誰もが知る、有名な身近な植物で危険なものがどれだけたくさんあるのかわかったかと思います。これでも一部です。興味のある方は調べてみてください。

参考 ASPCA http://www.aspca.org/pet-care/animal-poison-control/17-poisonous-plants

毒性のたかい部位は一般的に球根や種、つぼみに多いように思います。しかし植物によってそれぞれ違いますし、個体差もあるためどれだけ摂取すると有毒となるかはっきりしないので注意が必要です。また中毒症状も、万が一中毒をおこしてしまったときの対処方法も違います。

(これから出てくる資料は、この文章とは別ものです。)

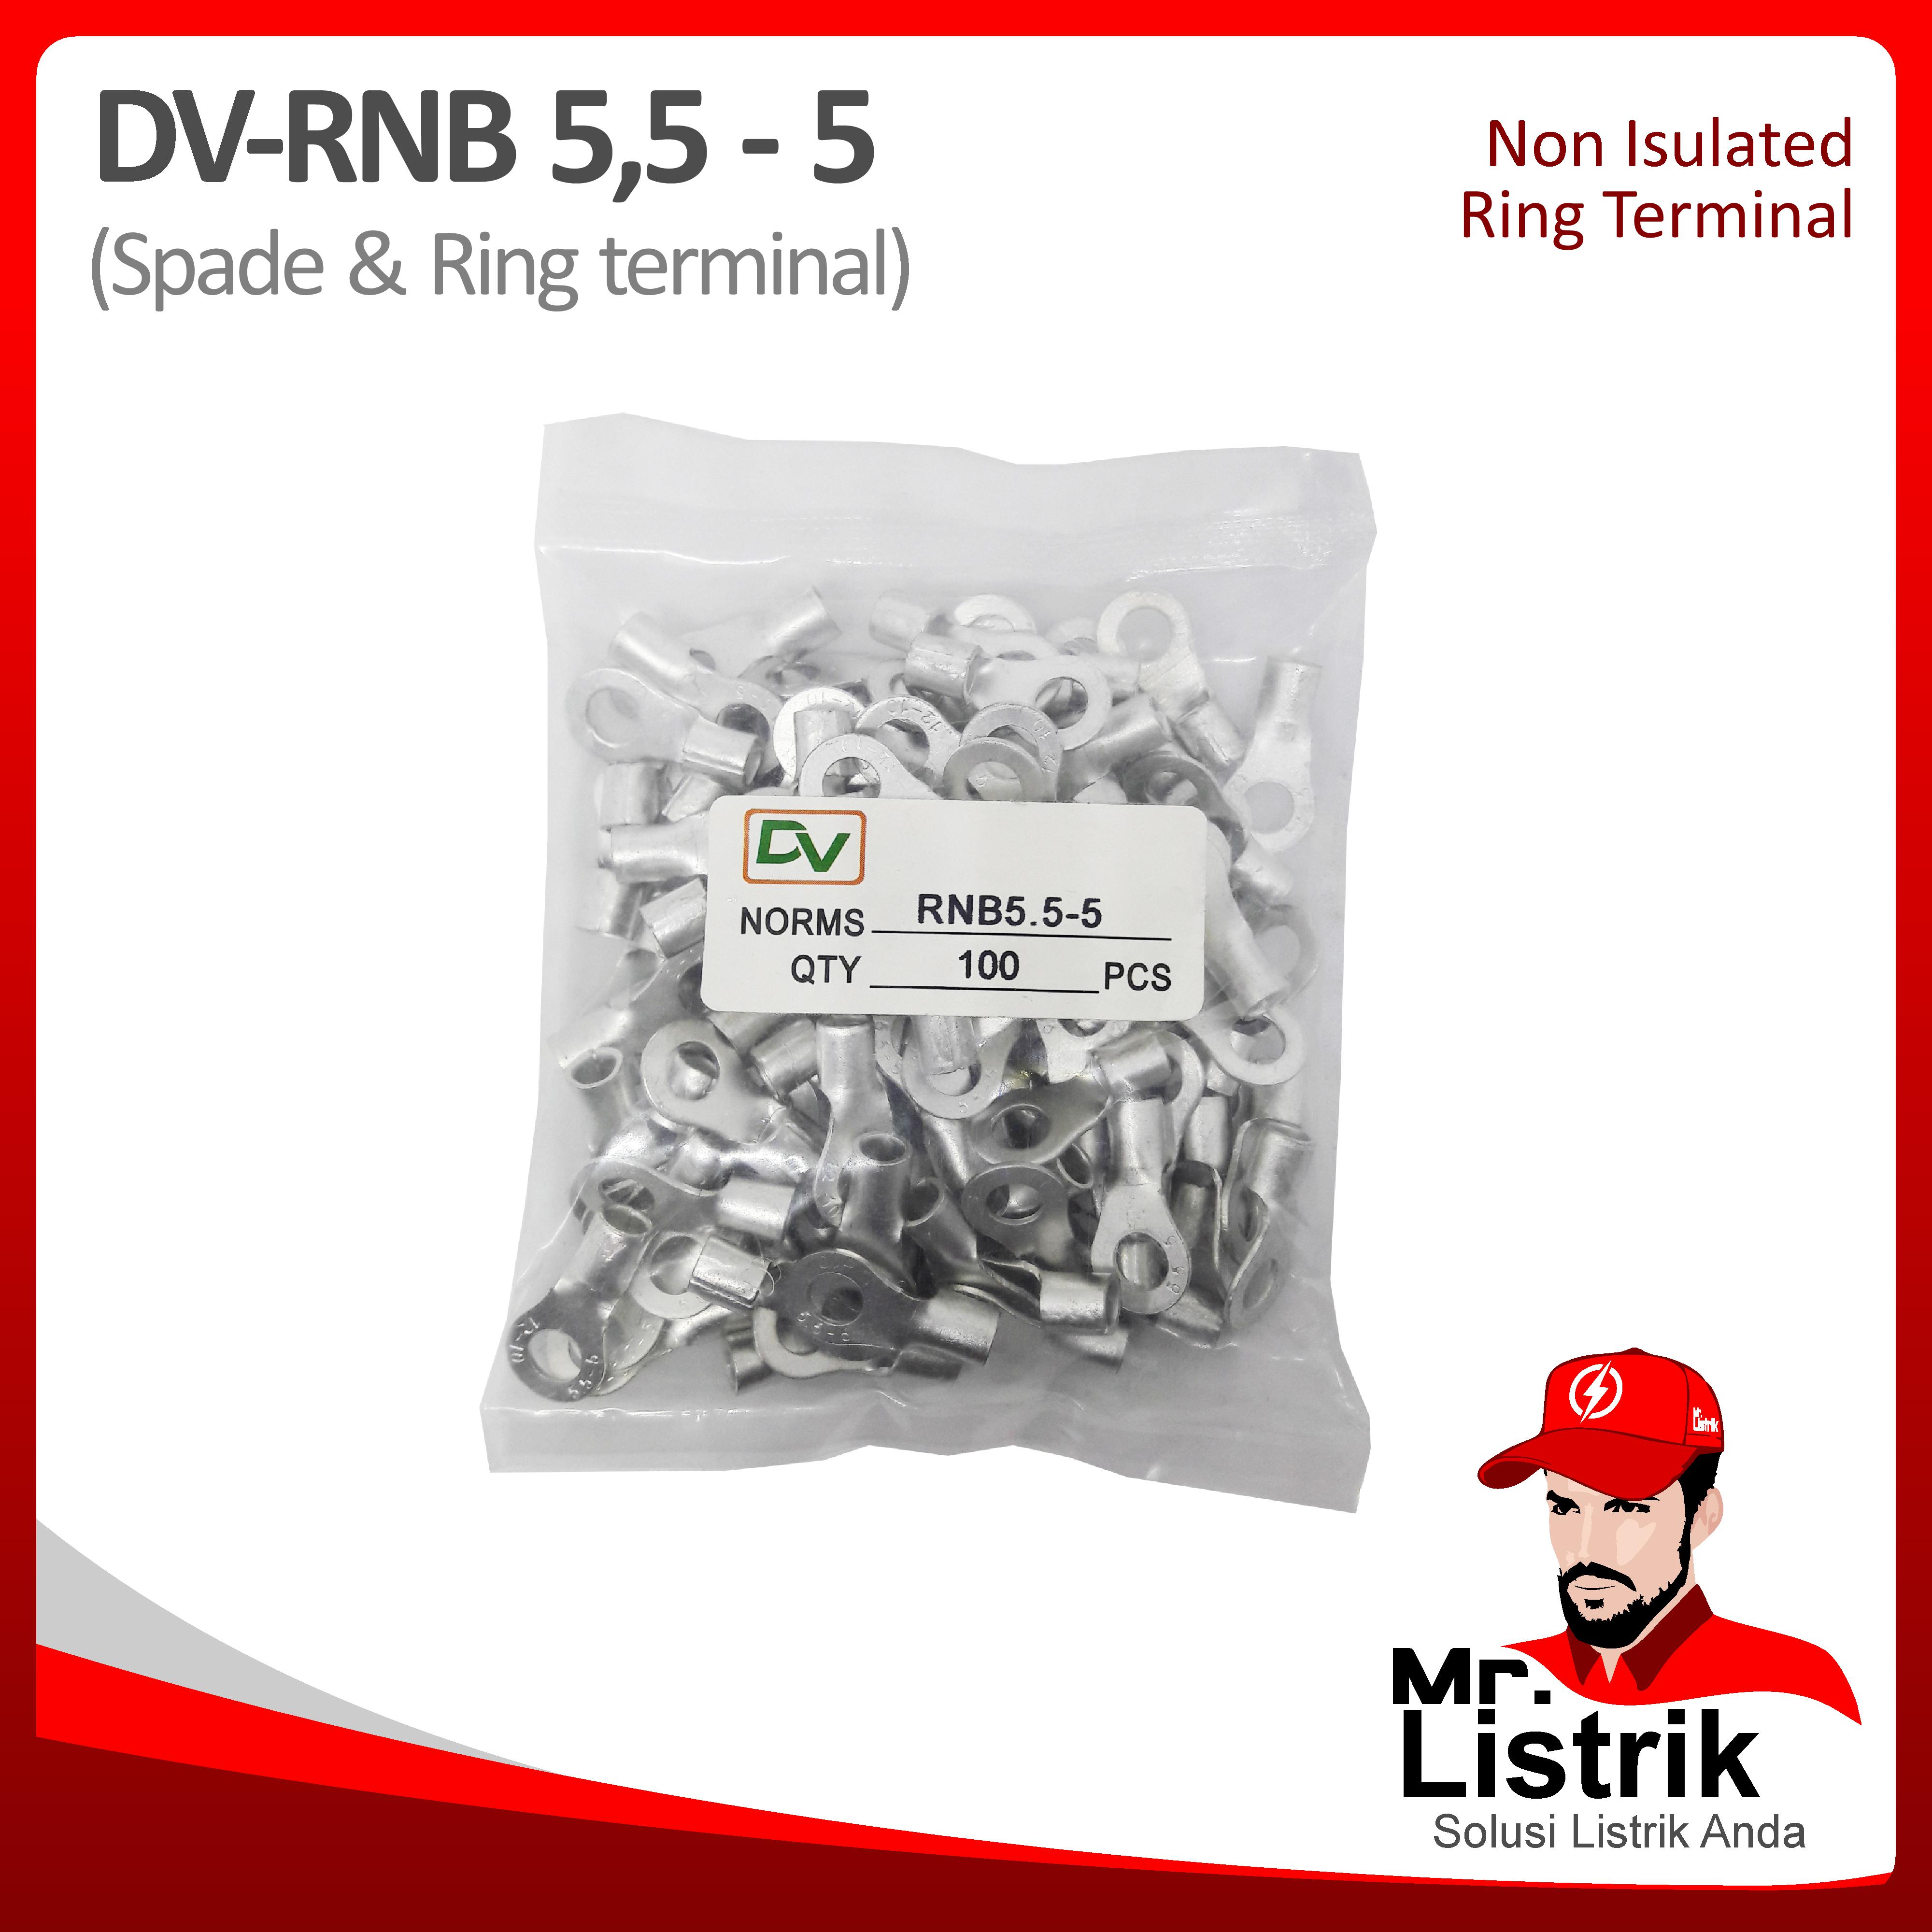 Non Insulated Skun Ring 4-6mm DV RNB5.5-5

植物には別名も多いですし、すべて覚えるのも大変なので、基本的に口にさせないようしたほうが安心かと思います。そして、室内の観葉植物は愛犬の届かないところへ移動、外のガーデニングは犬が口にしやすそうな場所には危険な植物は置かない。そういった、環境づくりと心づかいがいちばんの安全・予防策なのではと思います。

また、そのほかにも草むらや道端の植物にはほかの動物などの糞尿がかかっているかもしれません。ネズミが媒介する感染症もあり、ネズミがいそうな場所でも注意が必要です。ただ不衛生なだけと安易に思わないでください。

また、除草剤などがまかれている可能性もあります。不自然に枯れている場所があったら気をつけましょう。

もし、愛犬が食べてしまった場合、中毒症状がでていなくても動物病院へ。